Belfast Windsor was a constituency of the Parliament of Northern Ireland.

Boundaries
Belfast Windsor was a borough constituency comprising part of southern Belfast.  It was created in 1929 when the House of Commons (Method of Voting and Redistribution of Seats) Act (Northern Ireland) 1929 introduced first past the post elections throughout Northern Ireland.
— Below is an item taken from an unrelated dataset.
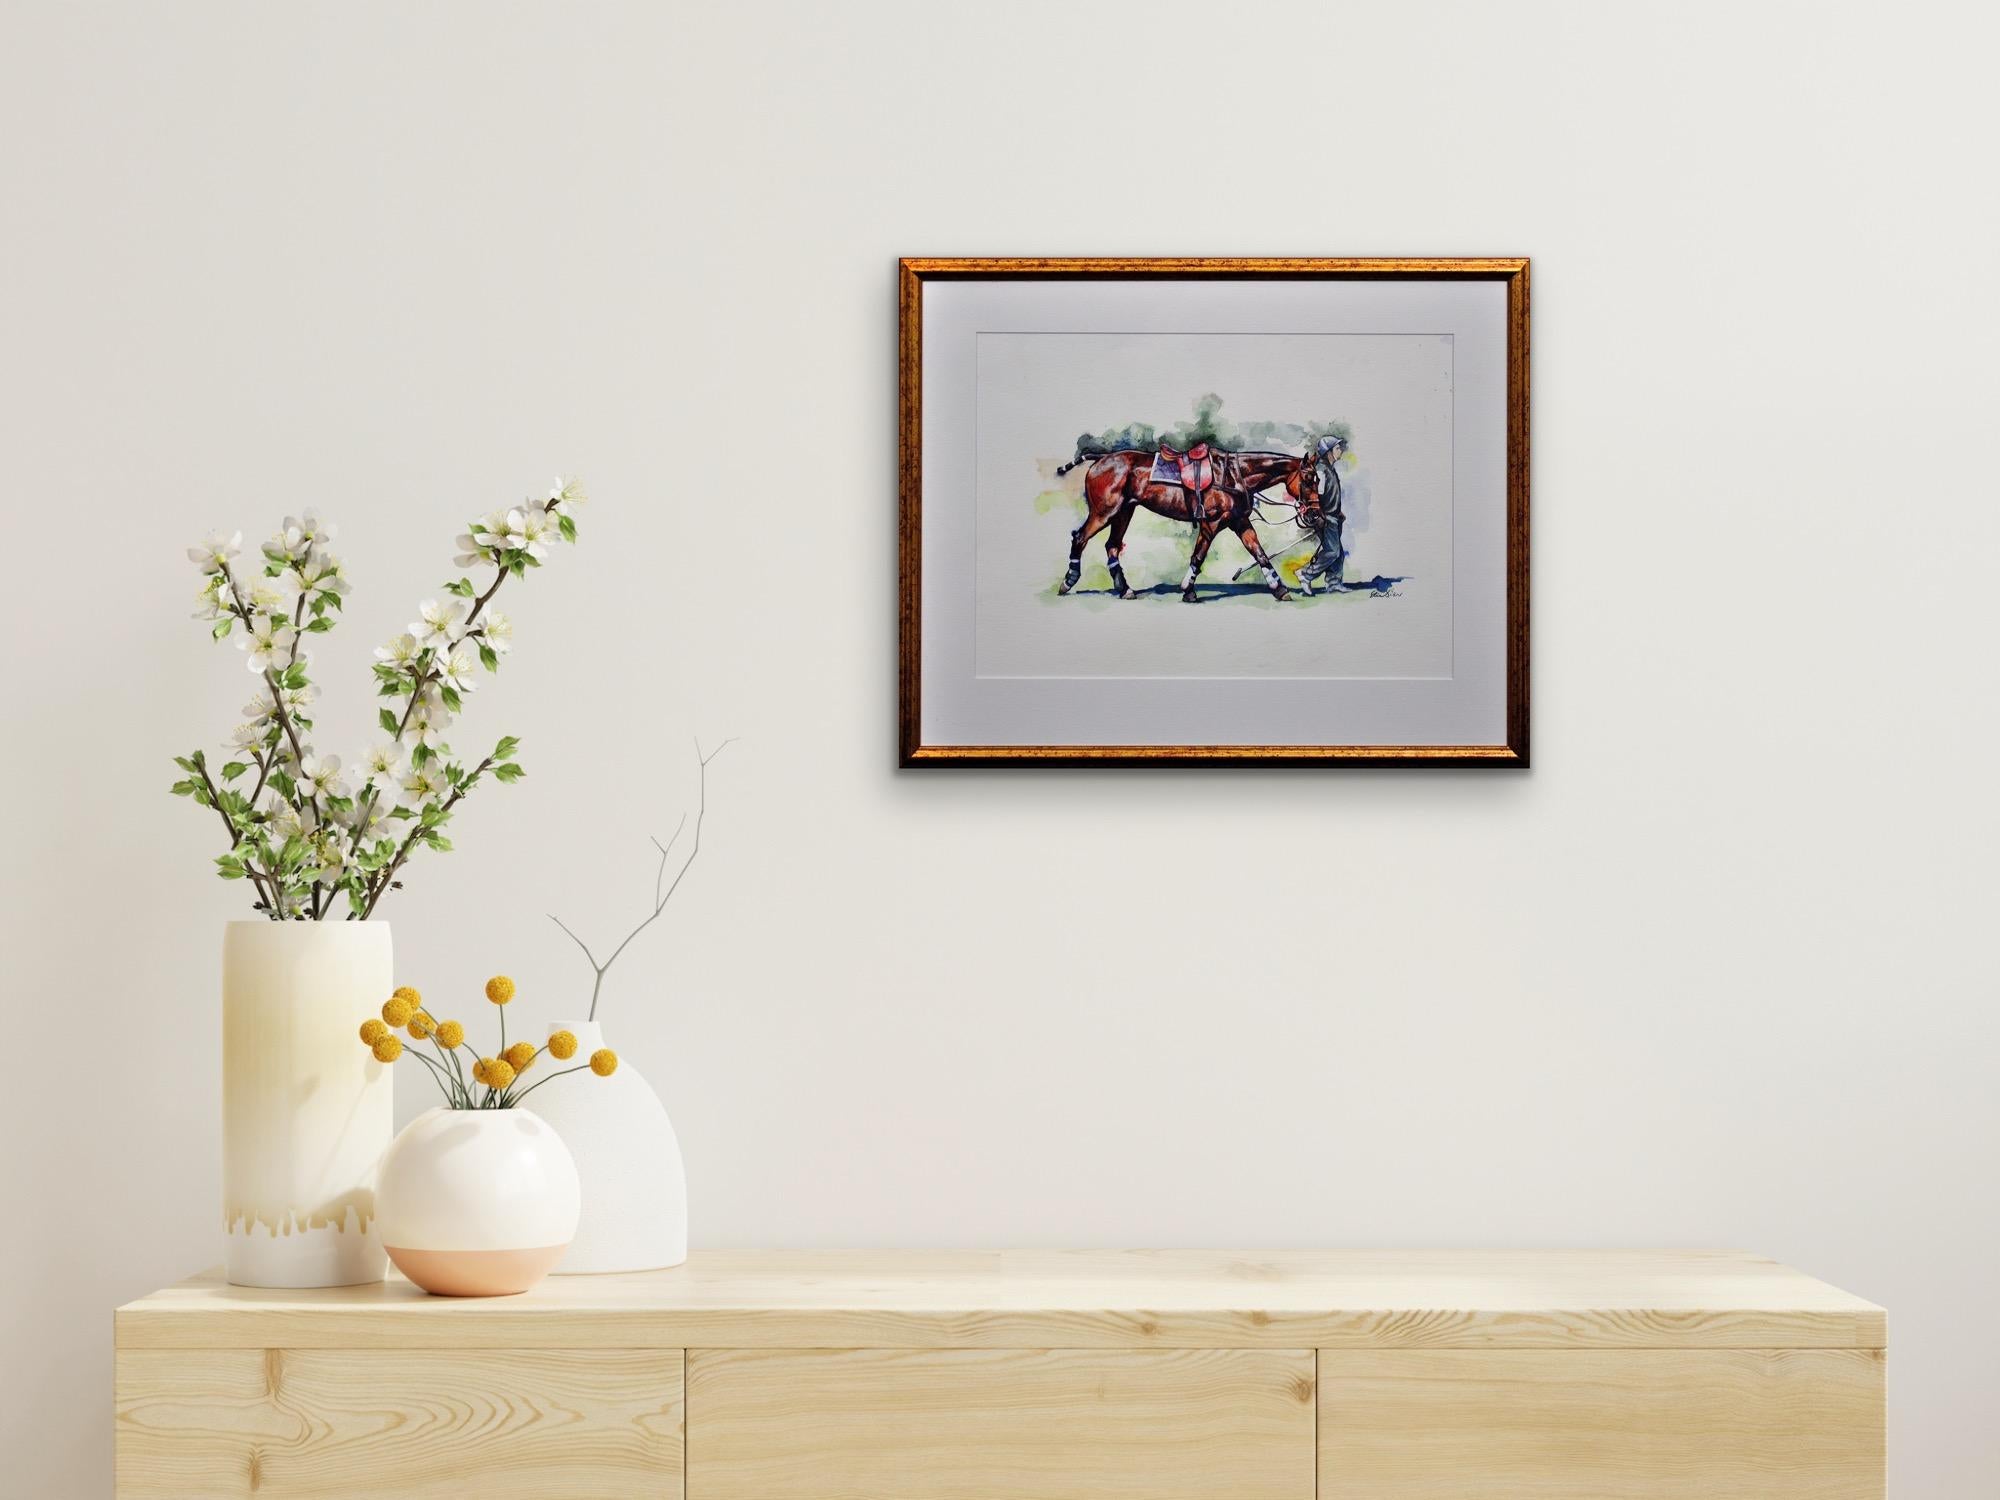 Polo Match, Cirencester, Player Leading Pony. Cotswolds. Framed Watercolor. For Sale 15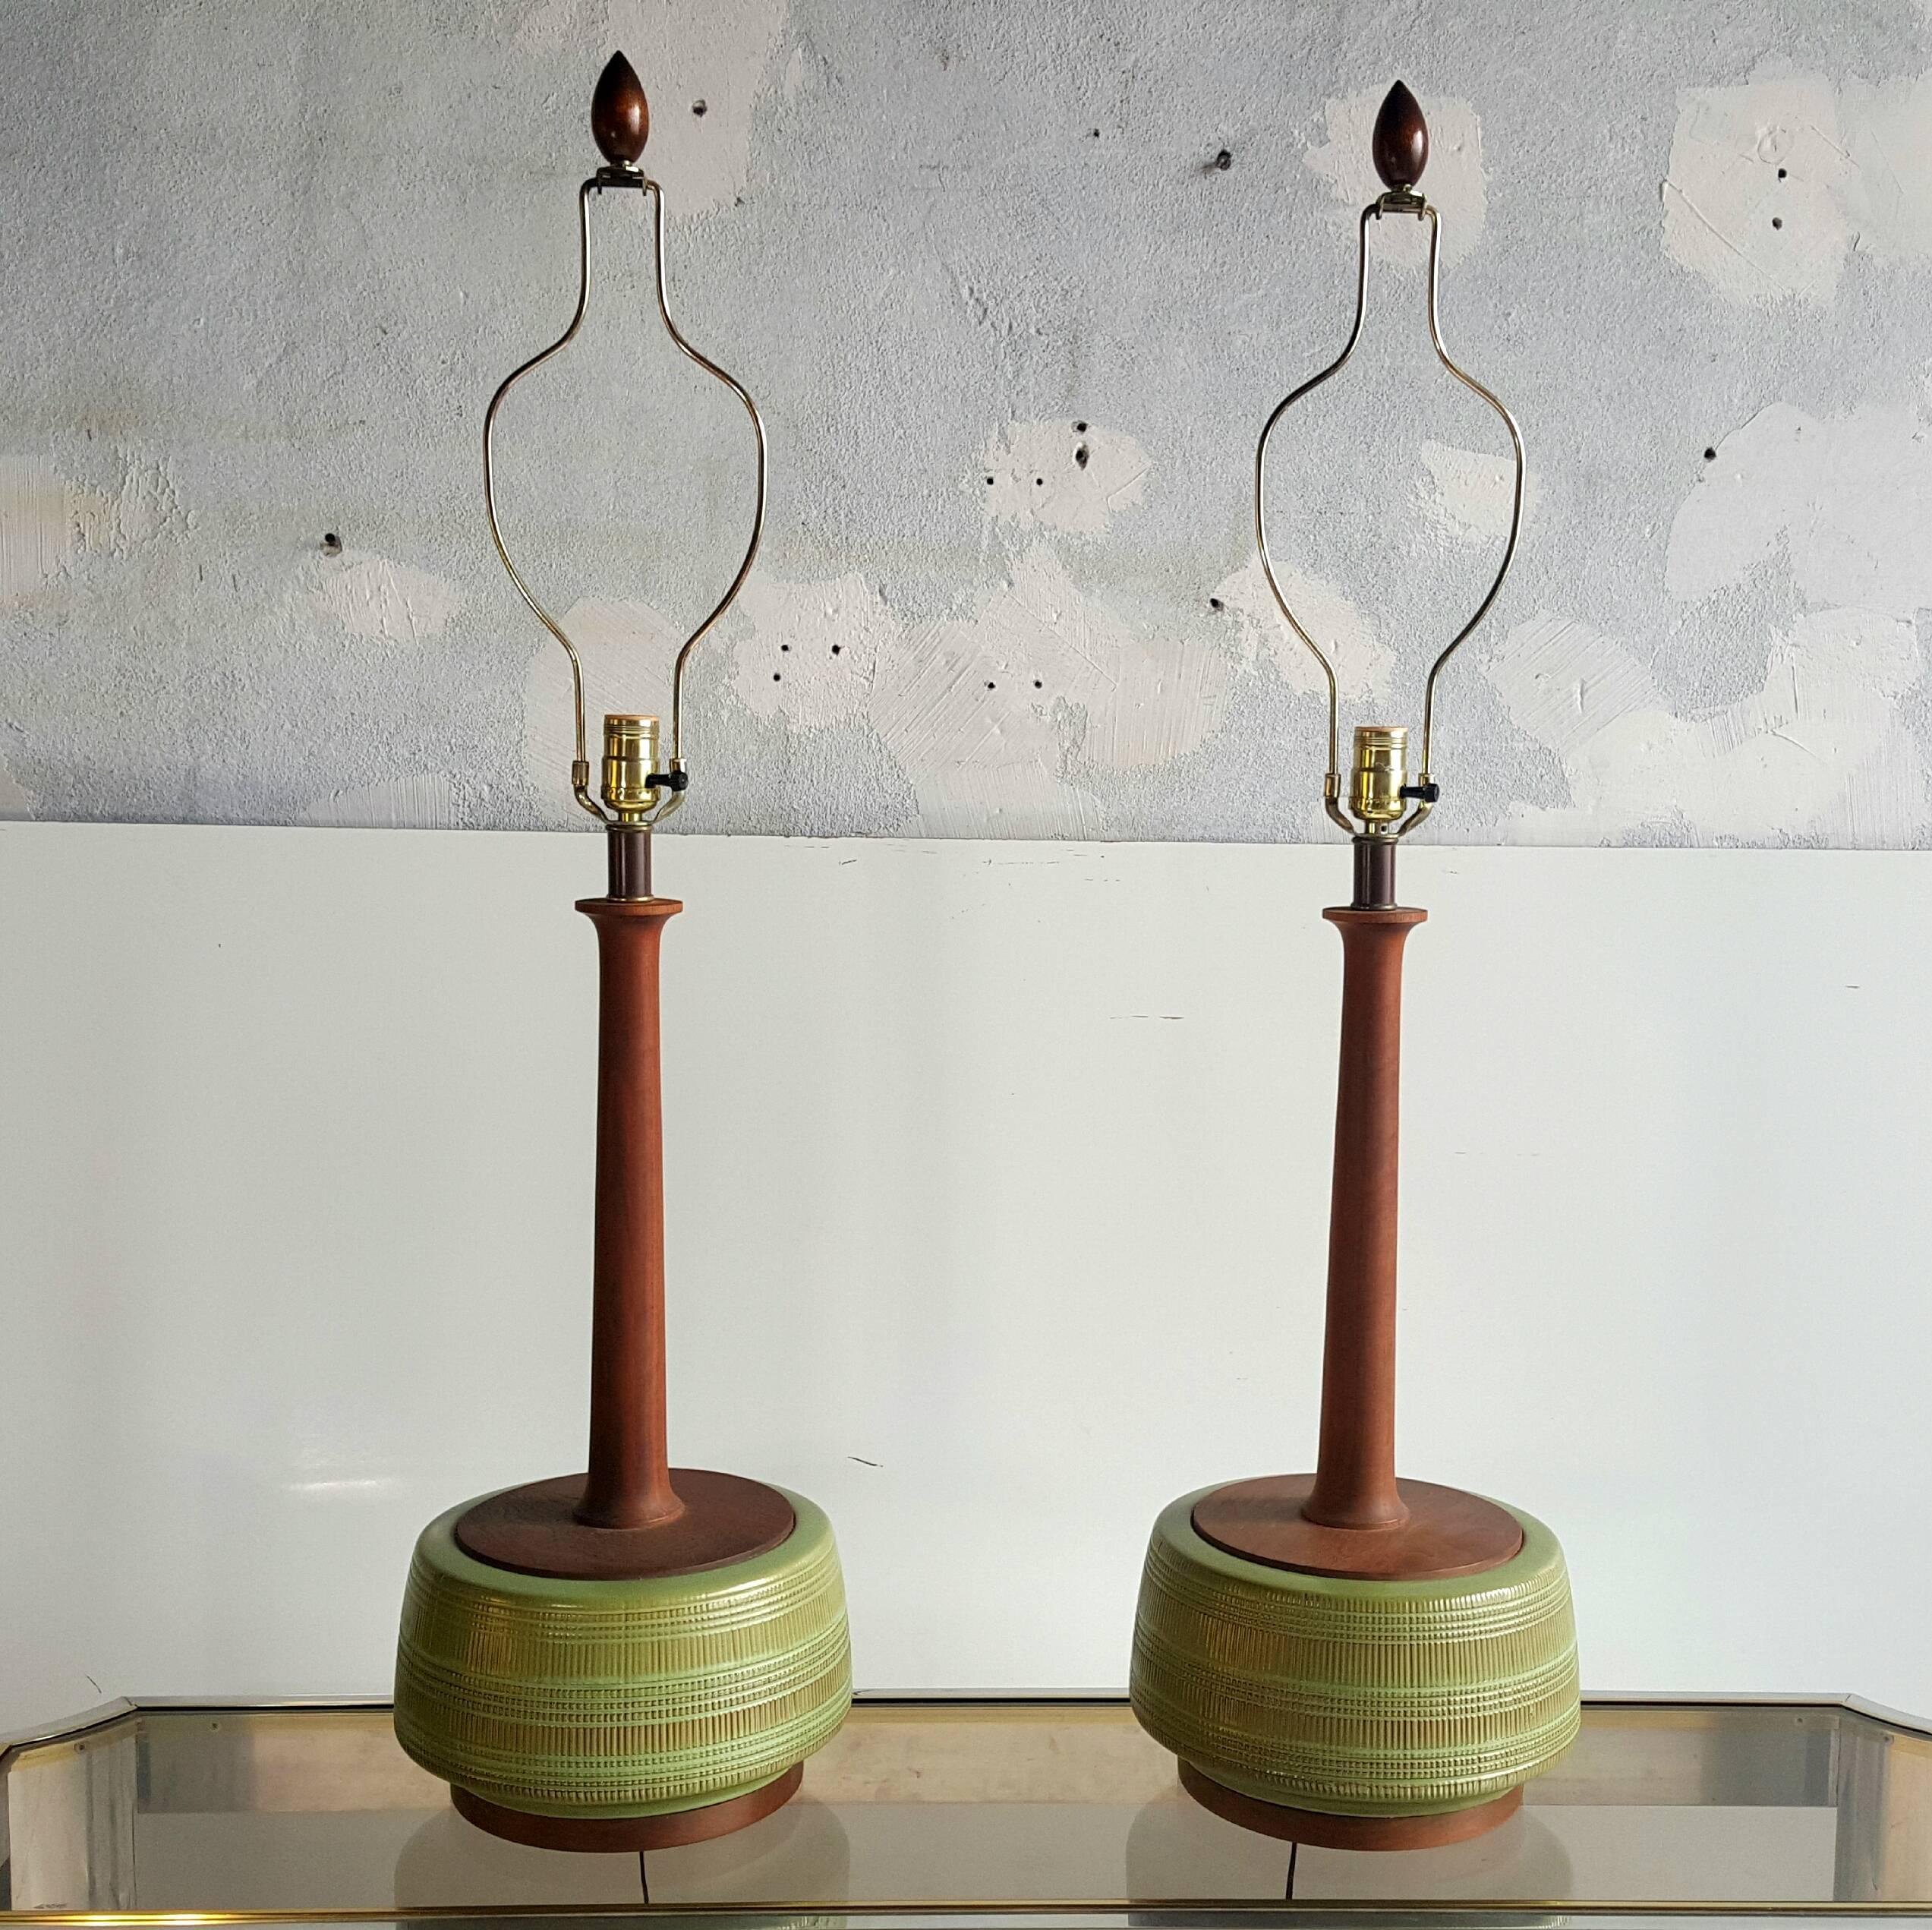 Classic Mid-Century Modern, stunning pair of tables made of decorative glazed pottery with teak wood standards, bases and finials, amazing color and finish, retain original lamp shades in wonderful condition.

Belfast Windsor was created by the division of Belfast South into four new constituencies.  It survived unchanged, returning one member of Parliament, until the Parliament of Northern Ireland was temporarily suspended in 1972, and then formally abolished in 1973.

Politics
In common with other seats in south Belfast, the constituency was strongly unionist. The seat was always held by official Unionist candidates, and the rare contests came only from other Unionists.

Members of Parliament

Elections results

At the General Election 30 November 1933, Hugh Pollock was elected unopposed.  At the 1937 Belfast Windsor by-election, William Dowling was elected unopposed.

At the 1949 and 1953 Northern Ireland general elections, Archibald Wilson was elected unopposed.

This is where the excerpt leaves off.